Yes I did, but I was about nine and remember that the show, based on Charles Addams' New Yorker magazine cartoons, was full of great characters but mundane stories - partly because they made 64 half-hours in two years.
What drew me then was the extraordinary John Astin as Gomez, the beautiful Carolyn Jones as Morticia and the gargoyles that were Uncle Fester and Lurch.
What draws me likewise to this musical version is the portrayals of those same characters: Cameron Blakely is a marvellously spirited Gomez - not as mad-looking as Astin, but possessed of a silly energy and the best lines of the night. Samantha Womack is great as the deadpan Morticia, for whom "Death is Just Around the Corner" - as one of her cheerier songs puts it.
And Les Dennis is a terrific choice as Fester, complete with bald head, trademark coat and complete lack of a cogent mind, while Lurch is heavy on his big-booted feet in the form of Dickon Gough, whose tread makes the house shake and whose voice can probably be heard by whales off Alaska.

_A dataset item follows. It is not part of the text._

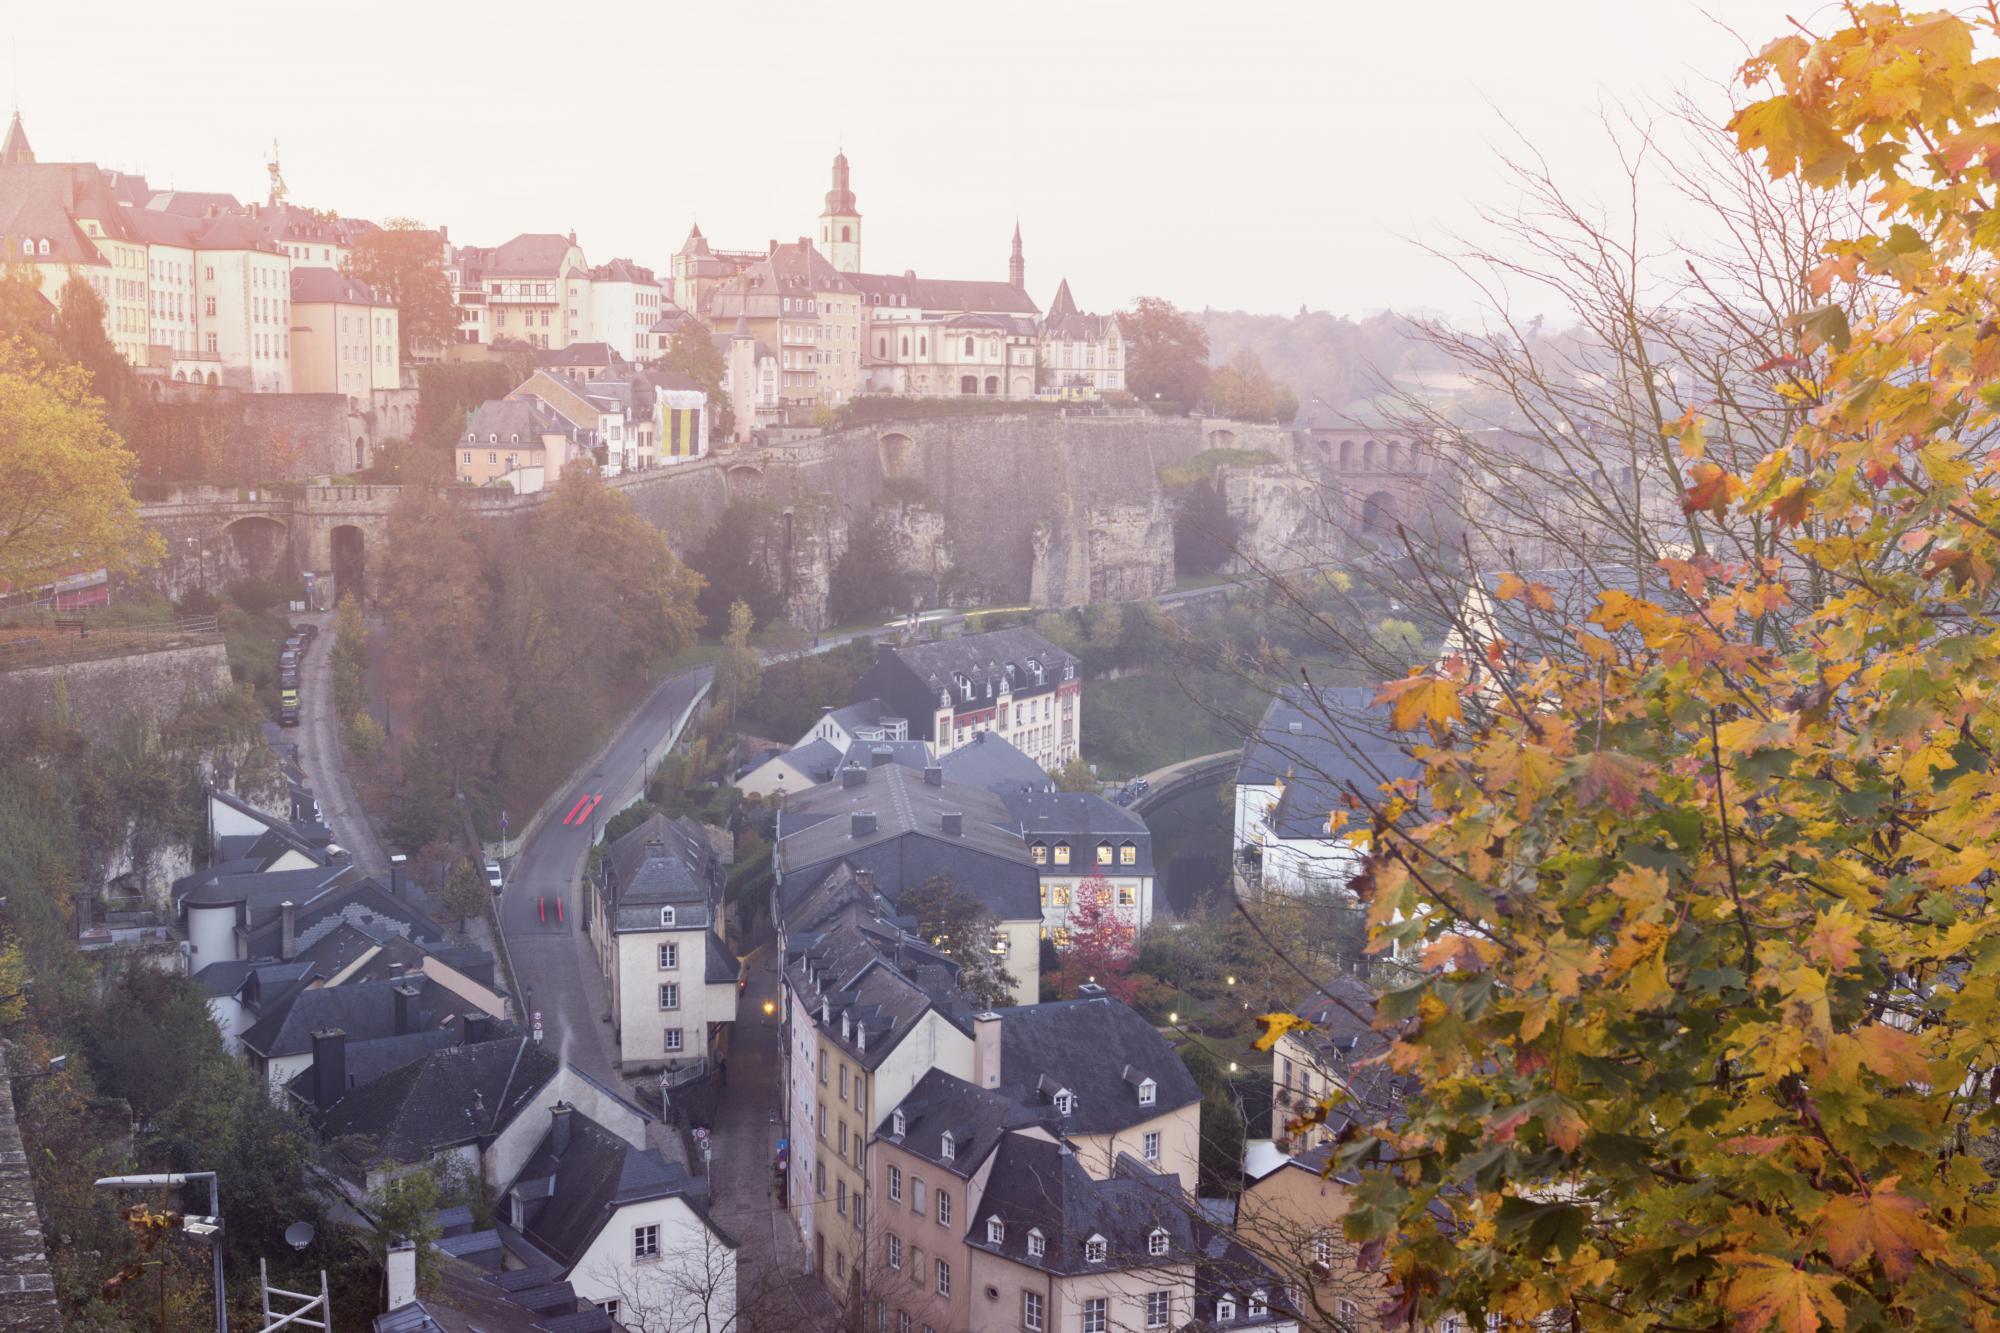 Люксембург пытается избавиться от ярлыка «налоговая гавань»

The show is marked down, though, for failing to exploit one of the family's greatest creations, the disembodied arm "Thing", here barely seen.
Once again these brilliant character creations are stuck in a musical plot aimed apparently at the "Frozen" generation, with a fantastic set, lighting and genre musical score of appeal to romantics everywhere. But this is accompanied by a lame plot - surprisingly by "Jersey Boys" writers Marshall Brickman and Rick Elice - born of eldest child Wednesday's desire to marry a normal guy.
Wednesday - musicals star Carrie Hope Fletcher - has some big songs to sing but not much else to do. Her little brother Pugsley (Grant McIntyre), is fun but a side character and the beau and his parents - Oliver Ormson, with Charlotte Page and Dale Ripley as mum and dad, are only there to reveal the weirdness of the Addams's normality.
The show starts strongly, but after the interval a couple of good early songs give way to more songs and less plot and comedy, which isn't the Addams family I wanted to reacquaint myself with.